Сбылись самые безумные мечты молодости Луи-Наполеона — он император Франции! Но скоро выяснилось, что император-племянник не обладает ни военным гением, ни административными талантами своего великого дяди. Выдающийся деятель того времени, германский канцлер Бисмарк назвал его «крупной бездарностью». И, хотя европейские монархи признали его императором, они сохранили отношение к нему, как к выскочке — его попытки породниться с одним из королевских дворов Европы окончились безрезультатно. Тогда Луи-Наполеон женился на «обыкновенной» испанской графине, но первой красавице и законодательнице мод тогдашнего аристократического общества. Сын от этого брака должен был стать наследником его империи.
Судьба продолжала быть к французскому императору благосклонной. Его удачная война с Австрией в ее итальянских владениях, давшая Франции приращение Ниццей и Савойей, вывела страну в число европейских лидеров. Успешная Крымская война против Российской империи, участие в «опиумных» войнах в Китае еще более упрочили авторитет Луи Наполеона.
Но в 1861 году император ввязался в довольно бессмысленную авантюру по установлению порядка в Мексике. Сотрясаемая непрерывными гражданскими войнами, страна отказалась платить по внешним долгам. Сначала наказать Мексику вызвались также англичане и испанцы, но, познакомившись с мексиканскими реалиями, быстро отказались от своих планов. Французы же, перебросив через океан больше 30 тысяч солдат, заняли главные города, со всех сторон окруженные партизанской вольницей, провозгласили Мексику империей и привезли туда из Старого света императора — австрийского принца Максимилиана. Но через пять лет, в 1866 году, под давлением закончивших свою гражданскую войну США эти войска пришлось из Мексики эвакуировать. «Империя» французского ставленника просуществовала после этого лишь несколько месяцев — мексиканцы восстановили республику, а Максимилиана расстреляли.
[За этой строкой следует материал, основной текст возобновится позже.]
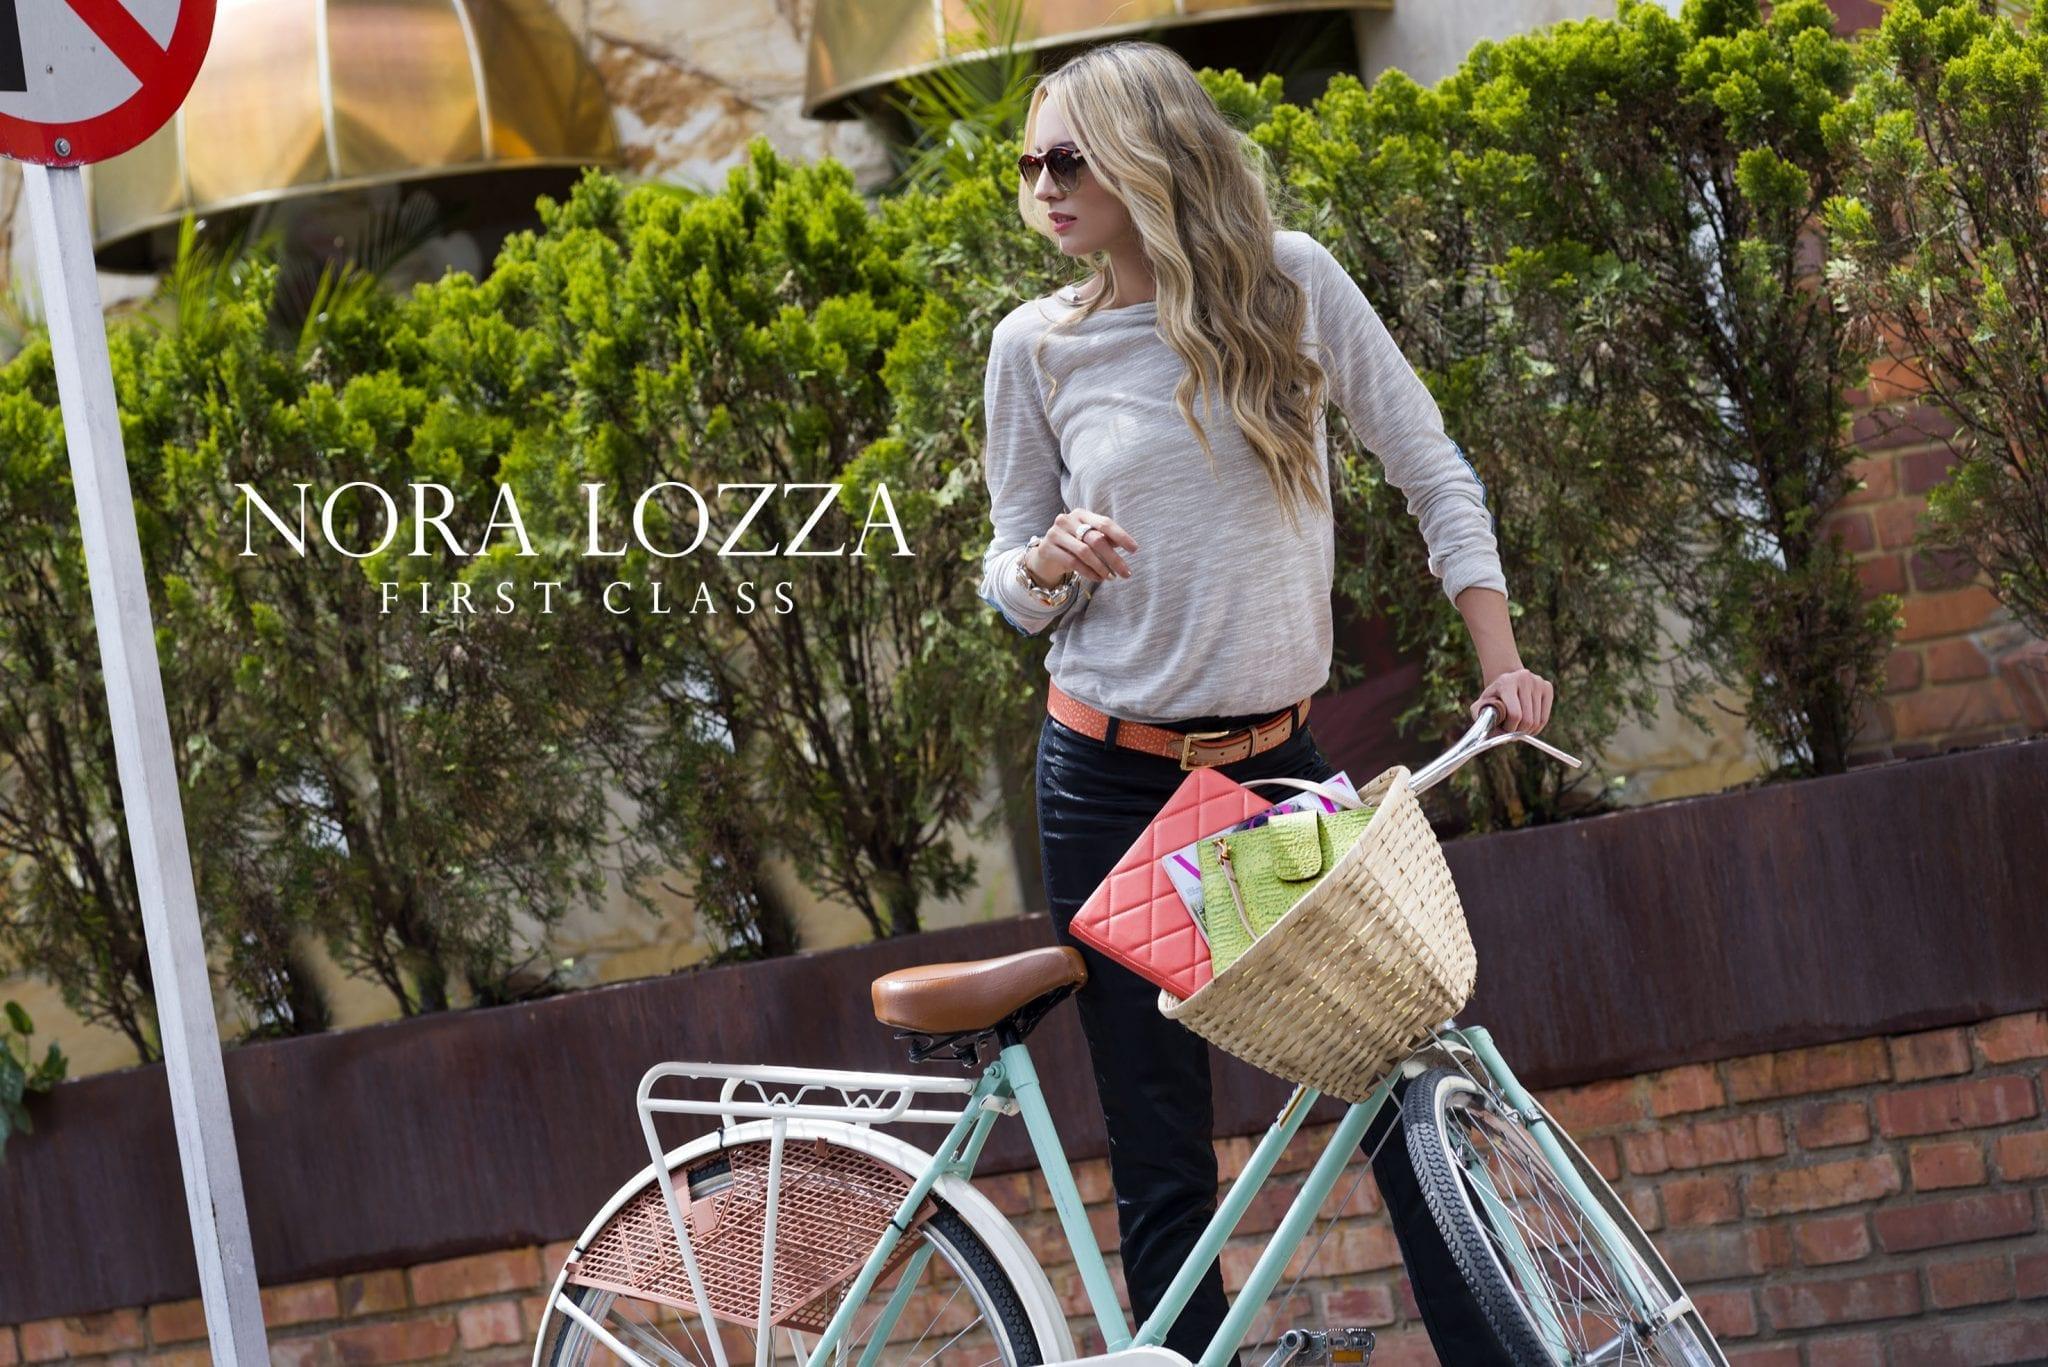 Nora Lozza

Стал слышнее ропот тех, кто составлял основу империи Луи-Наполеона, выборы в Законодательное собрание дали перевес либералам, пришлось пообещать изменения конституции, делавшие правительство ответственным перед парламентом, смягчить цензурные ограничения для газет и журналов.
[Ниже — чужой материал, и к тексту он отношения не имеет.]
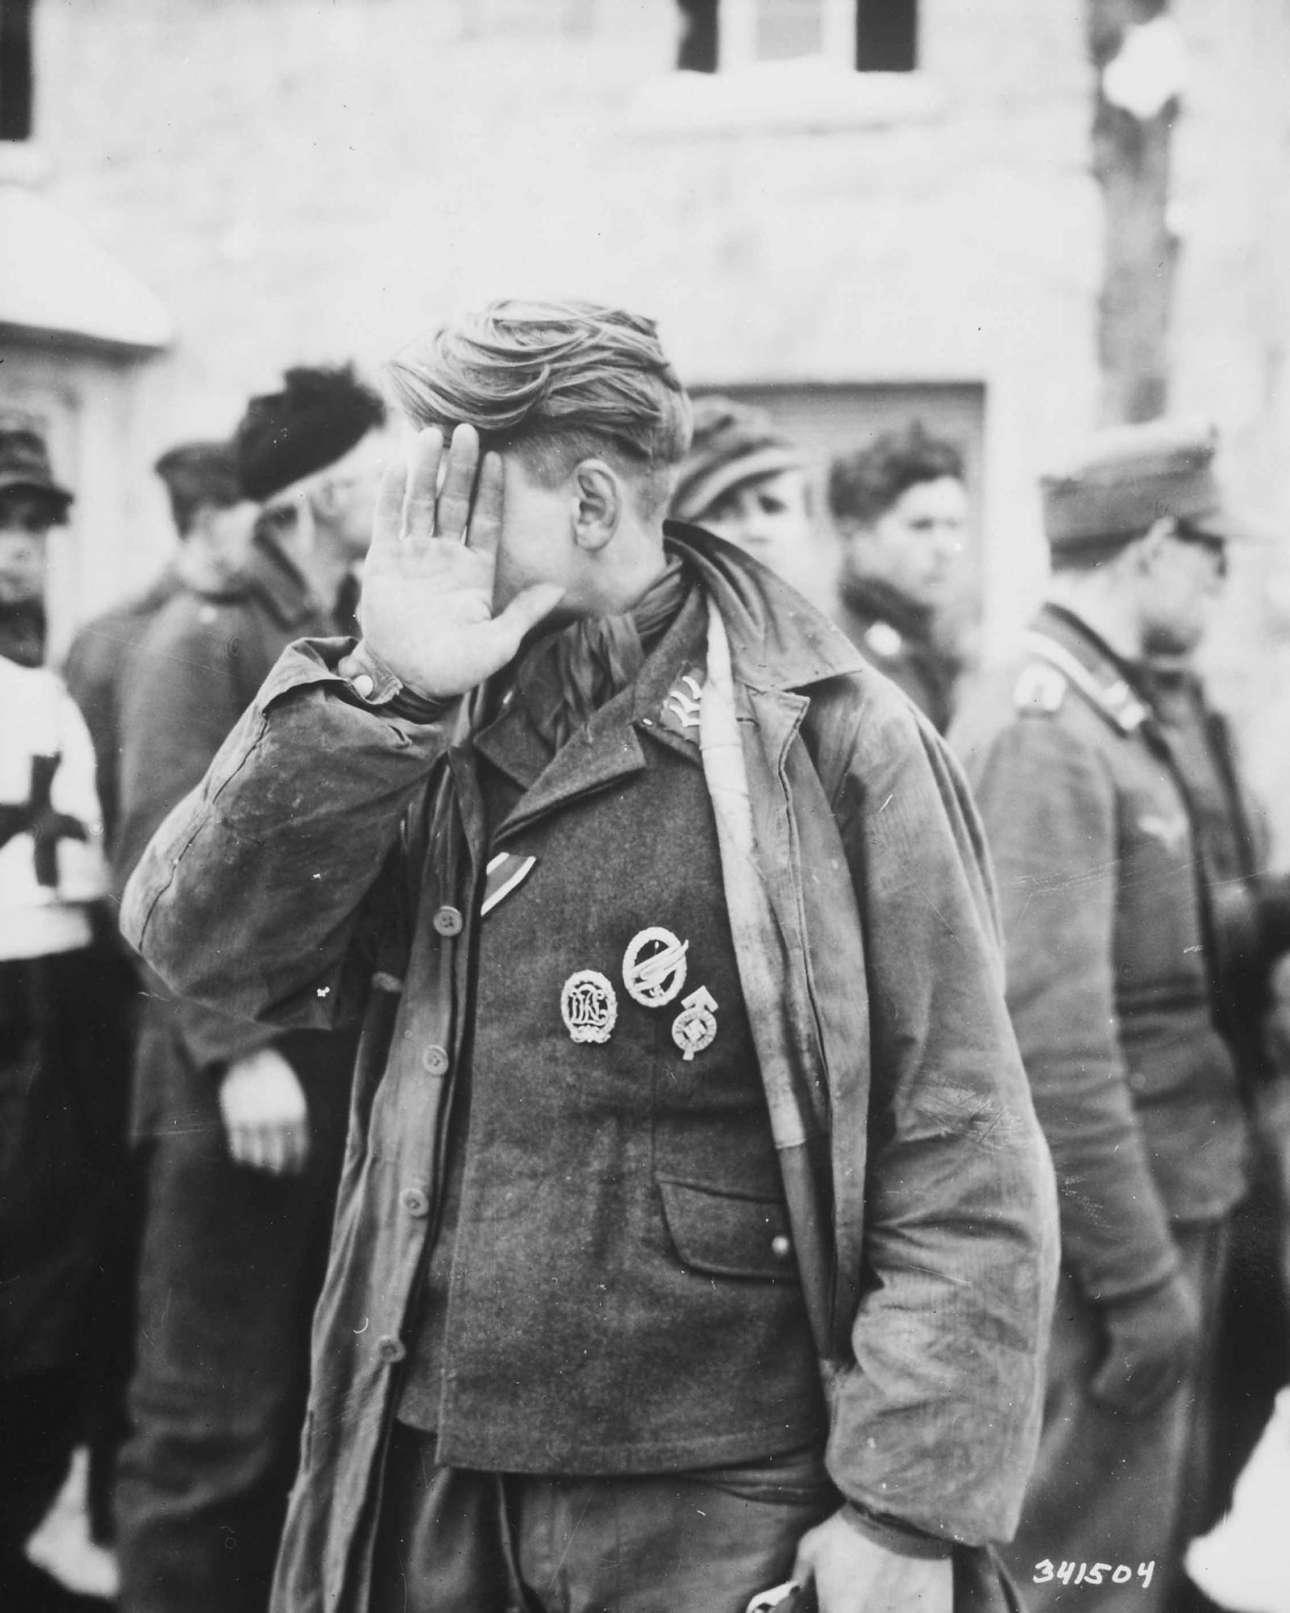 Ιανουάριος 1944, Βέλγιο: ο γερμανός αιχμάλωτος δεν θέλει να συλληφθεί (και) από την κάμερα, έτσι κρύβει το πρόσωπό του

Для восстановления «порядка» во Франции нужна была война — на этот раз эффектная, победоносная. Объектом для такой войны, по мнению французского императора, была Пруссия, объединявшая германские земли и только что разгромившая Австрийскую империю. Уверенный в мощи своих войск Луи-Наполеон сам повел армию к границе — и в генеральном сражении потерпел такой страшный, абсолютный, позорный разгром, что само название крепости, в которой были окружены и капитулировали остатки французских войск, стало во всех европейских языках синонимом полного поражения — Седан.
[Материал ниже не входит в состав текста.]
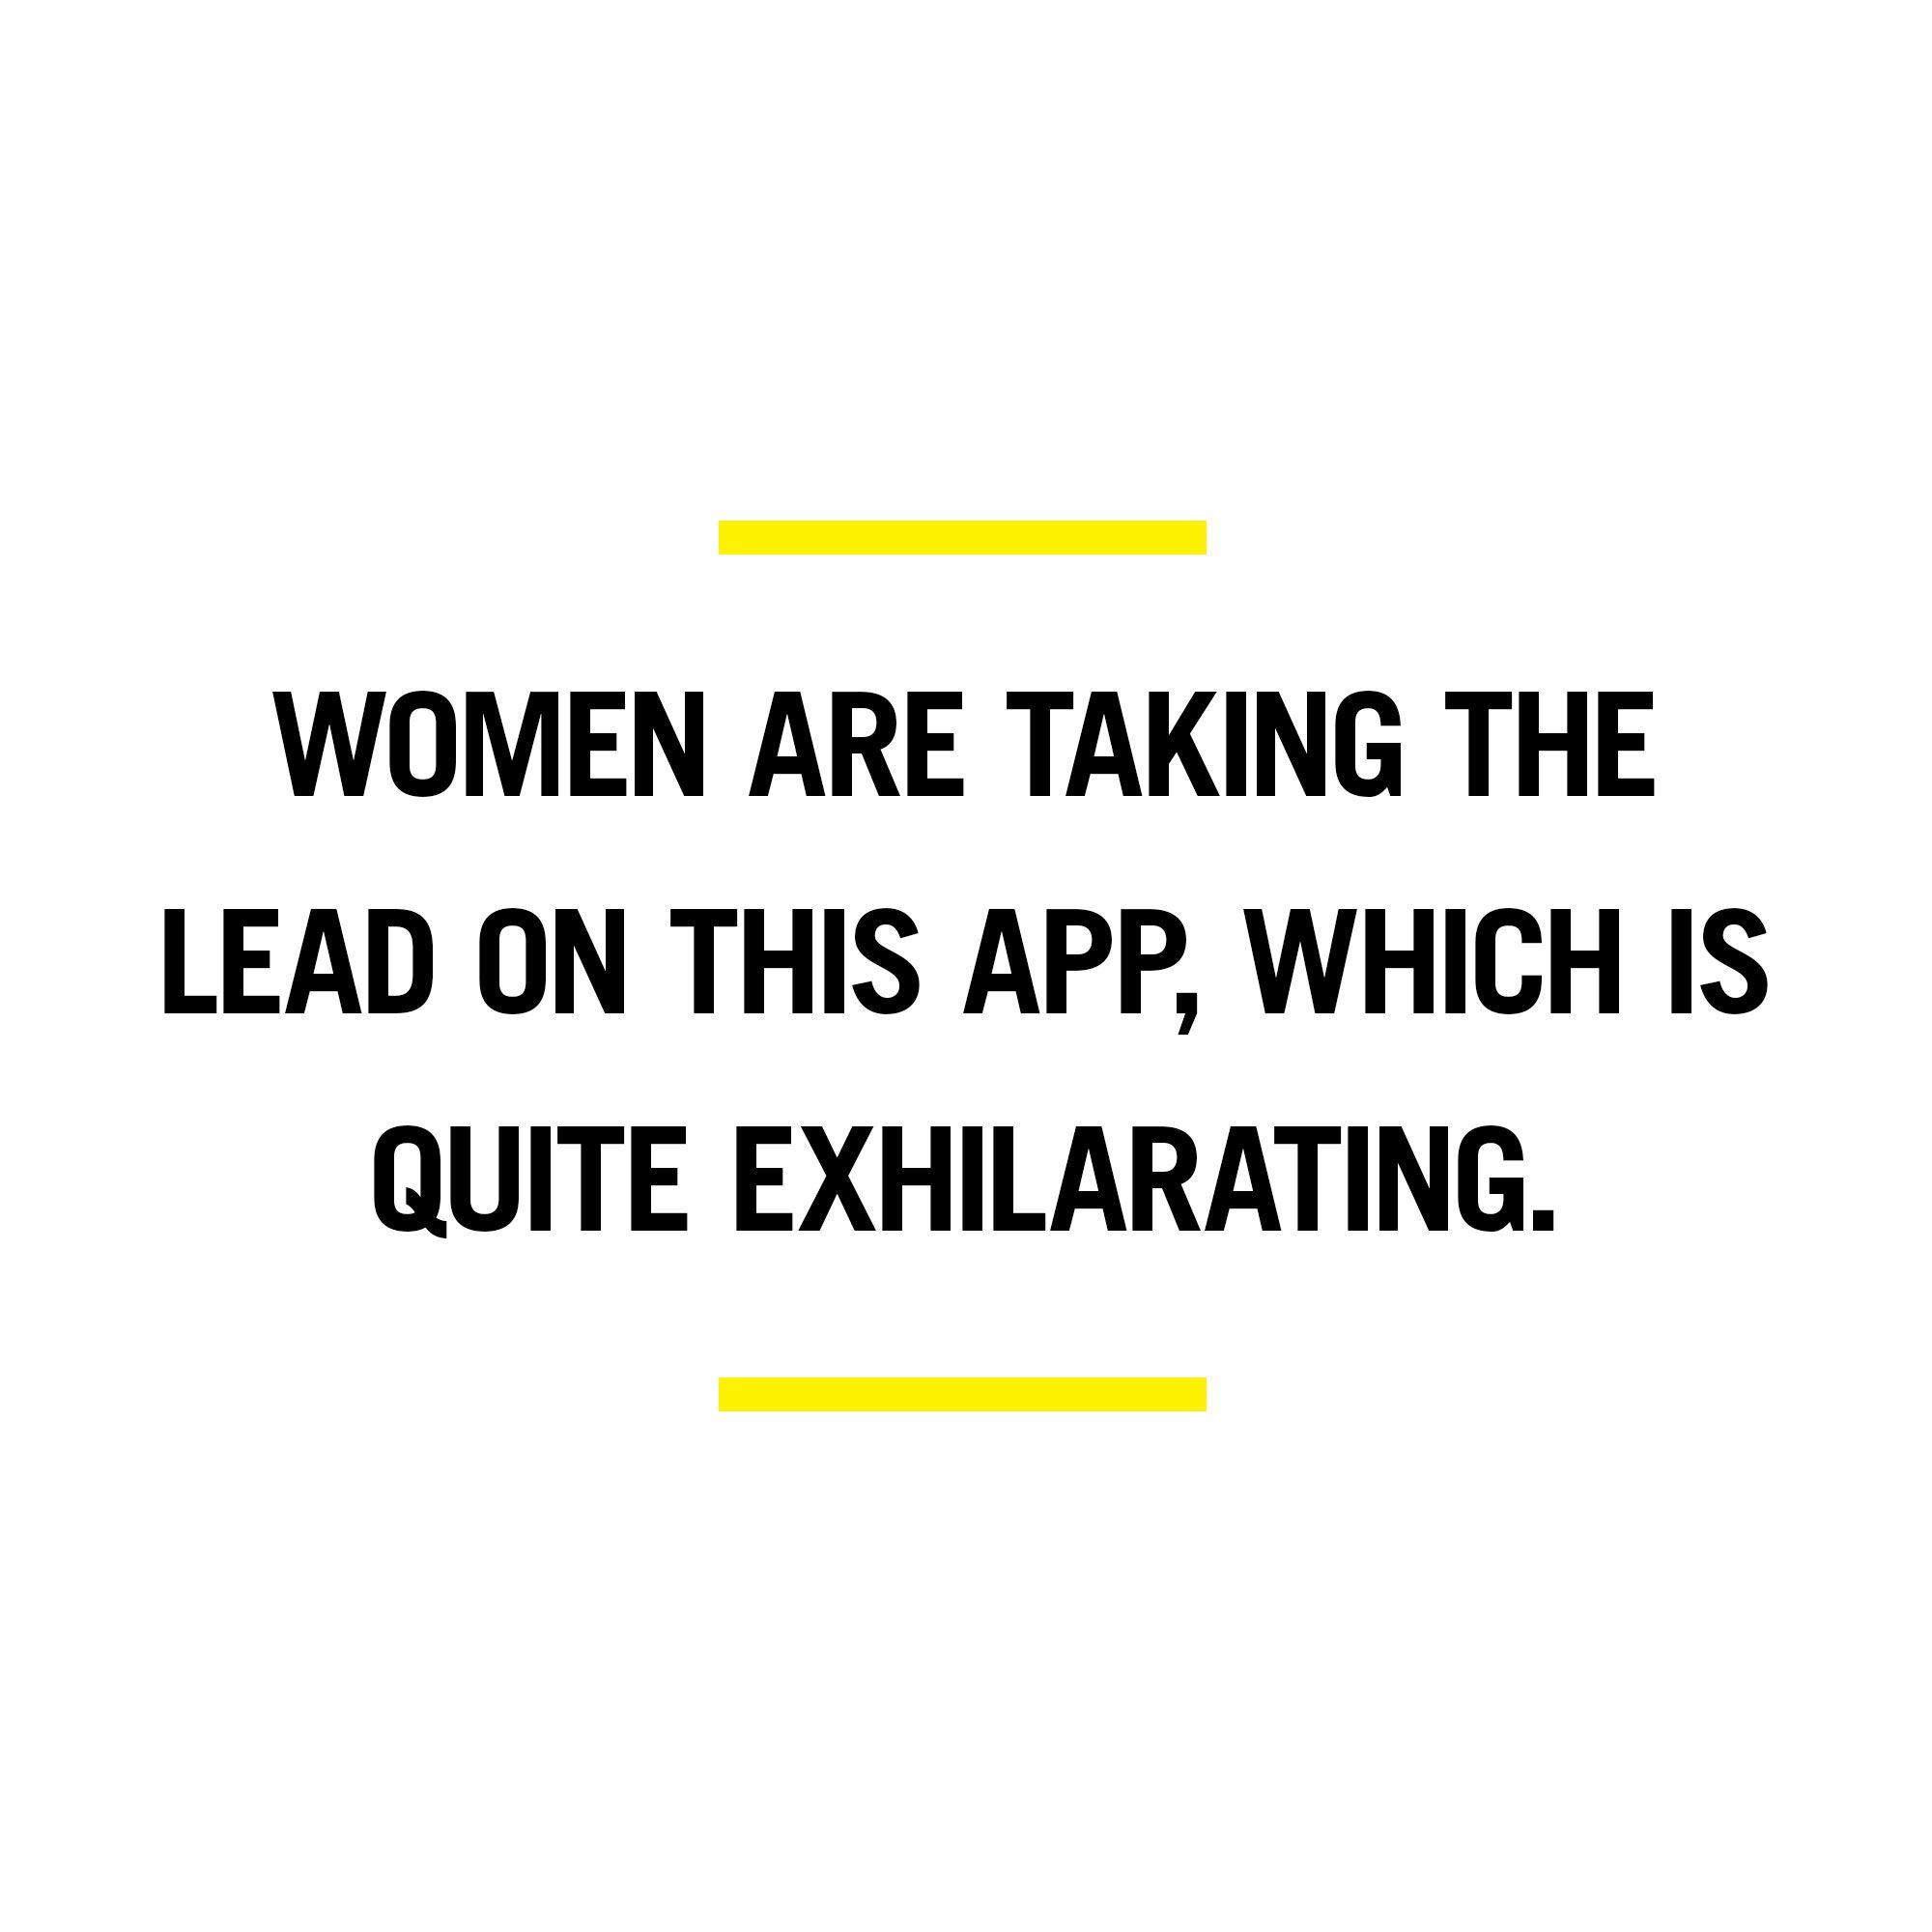 Spritzer dating app Boyne tannum aansluiting 2016

Сам главнокомандующий сдался в плен, и дальнейшая судьба страны, отныне и навсегда ставшей республикой, его больше не касалась. Низложенного императора пруссаки препроводили в один из королевских замков, в котором он много-много лет тому назад, в детстве, не раз бывал. А точку в его судьбе поставила через полгода высылка Луи-Наполеона в Англию. Через два года он умер после неудачной хирургической операции.
Его сын, Наполеон Эжен, вступил в британскую армию, отправился воевать в Южную Африку и погиб там в стычке с зулусами. На этом род Бонапартов окончательно пресекся, чтобы больше не возродиться.
Французский король Карл Х с трудом переносил необходимость уживаться с парламентом, но, тем не менее, вынужден был придерживаться конституции. Депутаты парламента, наученные сравнительно недавним горьким опытом революции, со своей стороны, старались «не раскачивать лодку». Но в конце июля 1930 года этому хрупкому равновесию пришел конец.
Король подписал указы, грубо попирающие конституционные принципы, на которых до тех пор держалось государство. Указы распускали парламент, и на следующих выборах голосовать могли только землевладельцы, а кроме того, вводилась предварительная цензура на всю печатную продукцию. Восстанавливать земельную аристократию в качестве единственного правящего класса в эпоху разворачивающейся индустриализации страны, затыкать всем рот, в то время, как, от выборов к выборам, состав парламента становился все либеральнее — это было чистой воды безумие. И в Париже полыхнуло…
Как только стало известно о содержании королевских указов, парижане начали строить баррикады, через день на сторону восставших стали переходить солдаты столичного гарнизона, а на четвертый день все было кончено — король отрекся, его премьер-министра, автора проекта государственного переворота, попытавшегося сбежать под видом лакея, поймали и посадили в тюрьму.
Новым королем был объявлен единственный из Бурбонов, поддержавший революцию 1789 года и даже вступивший тогда в ультралевый клуб якобинцев — Луи-Филипп Орлеанский.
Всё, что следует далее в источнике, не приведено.